L’égalité de tous les êtres humains, la place éminente accordée aux femmes : ce n’est déjà pas si mal. Mais Jean-Robert Pitte ne s’en tient pas à ces seules constatations. Son ouvrage monumental grouille de considérations toujours formidablement documentées sur mille autres sujets : les relations complexes qu’entretiennent les différentes obédiences chrétiennes, l’attitude des catholiques devant la mort, l’argent, la nature.

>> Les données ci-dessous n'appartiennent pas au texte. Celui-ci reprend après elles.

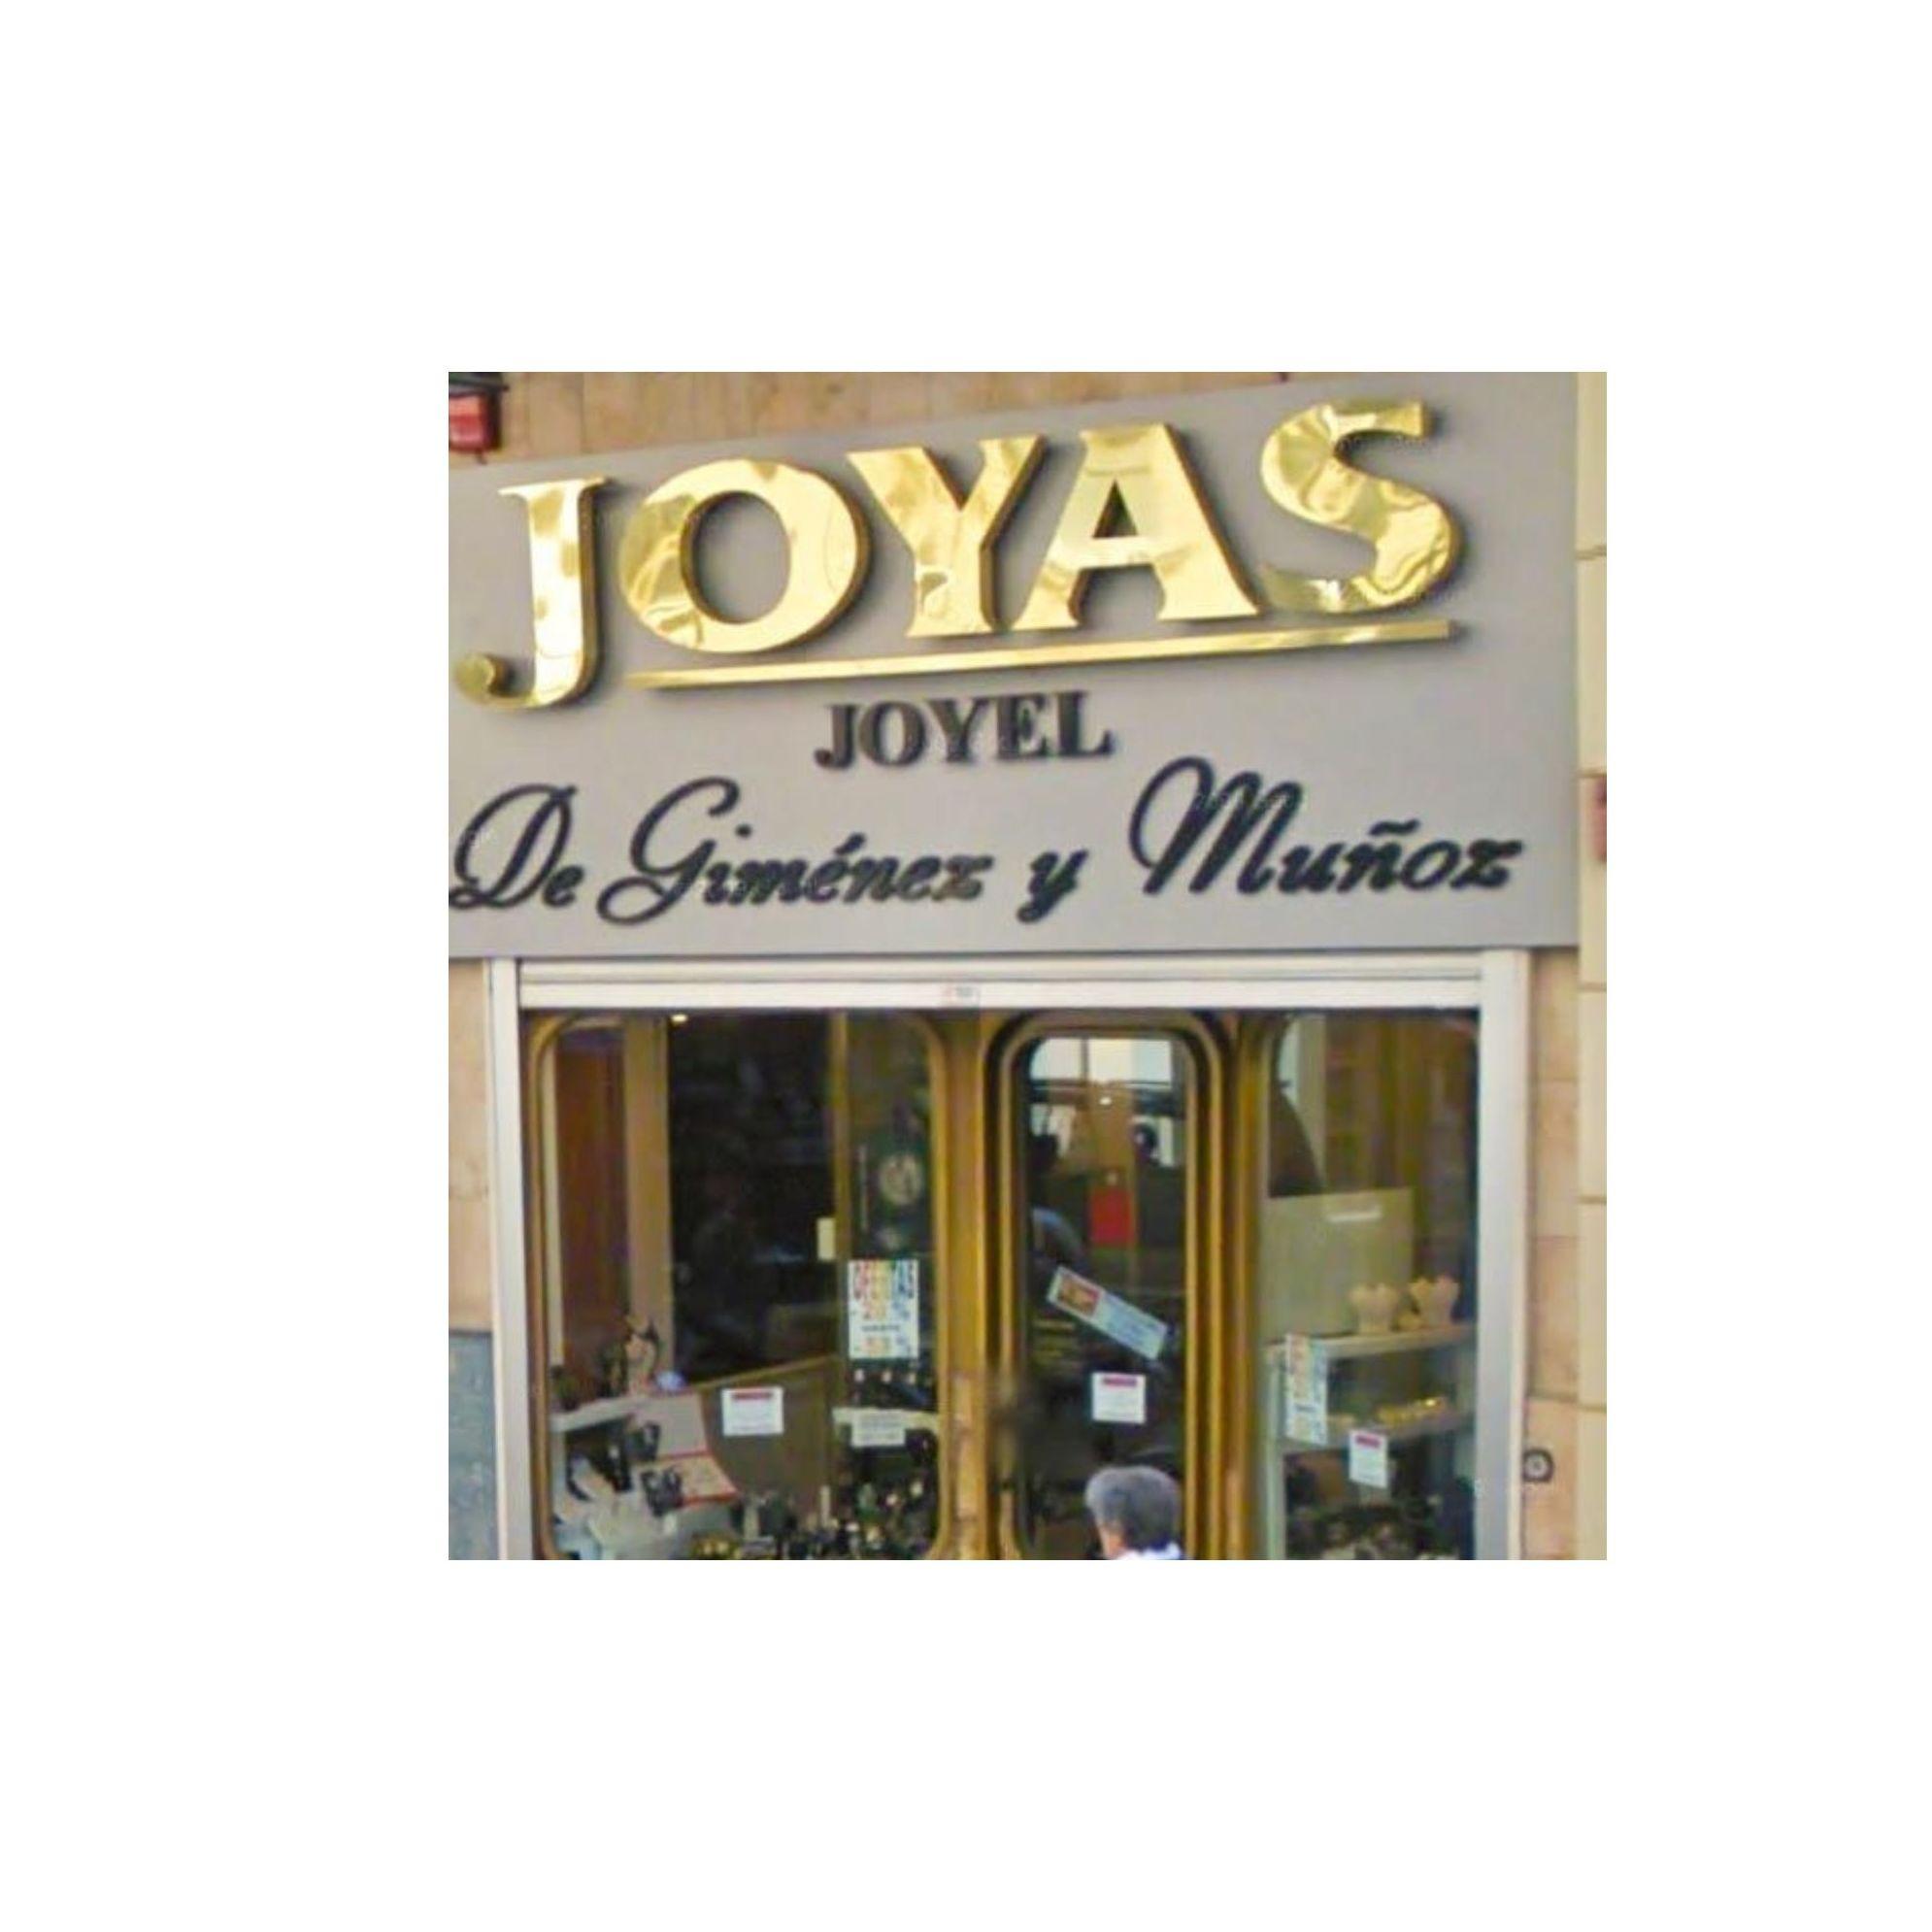 Foto 33 de Joyería en Pamplona | Joyas Joyel
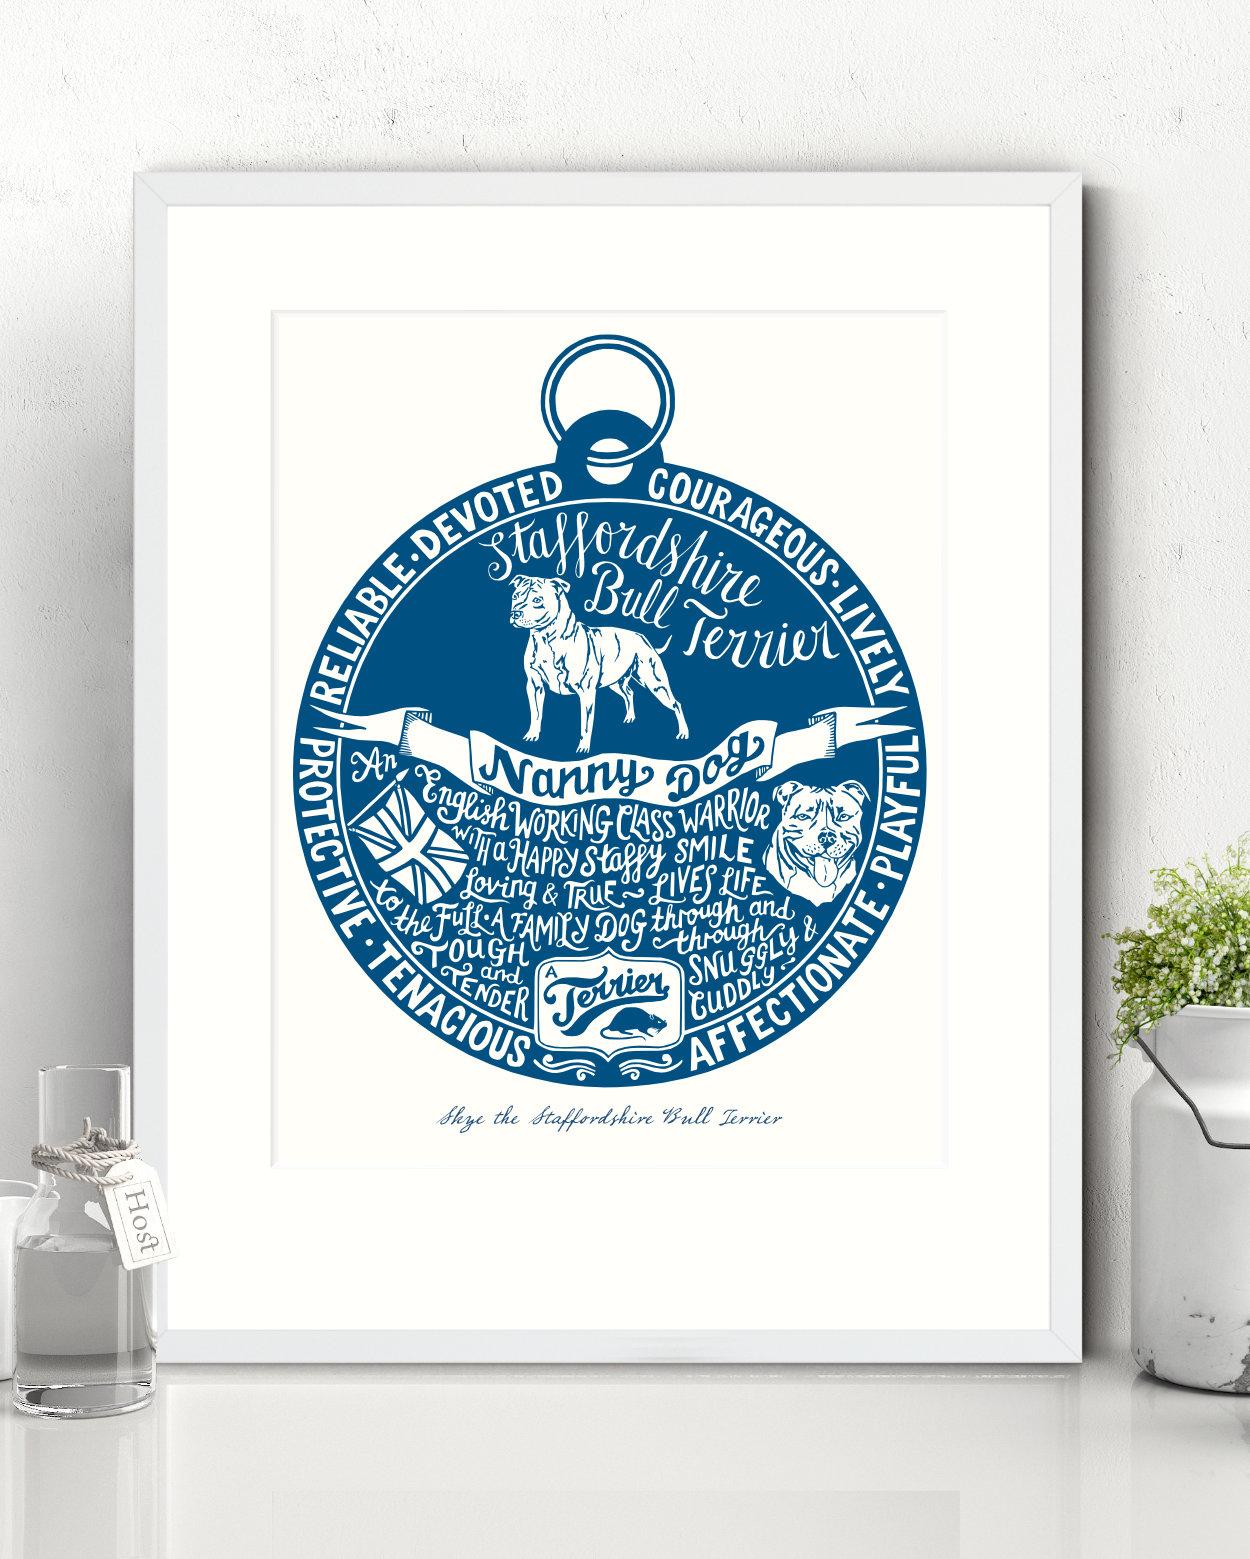 Staffordshire Bull Terrier Illustrated Art Print | The Enlightened Hound

Par-dessus tout, il parvient à donner du catholicisme une image extrêmement sympathique, joyeuse, voire joviale. Un peu comme il l’est lui-même. En fin gastronome, amateur de bonne chère et de bons vins, Jean-Robert Pitte s’attache à rappeler, en effet, que « les Évangiles montrent le Christ heureux de jouir des plaisirs de la vie », et que, chez les cathos, « toute fête religieuse doit être soulignée par un repas soigné et par des spécialités gastronomiques spécifiques ».

Peut-être espère-t-il ainsi consoler Jean- François Kahn, qui déplorait l’assèchement par le christianisme des philosophies qui ont fait la grandeur de la pensée grecque.

Le professeur Pitte montre que le catholicisme a su, au contraire, les prolonger, en sachant concilier stoïcisme et épicurisme.

(1) : La tragédie de l’Occident (Fayard, 2014), 22 euros.

(2) : La planète catholique. Une géographie culturelle (Tallandier, 2020), 25,90 euros.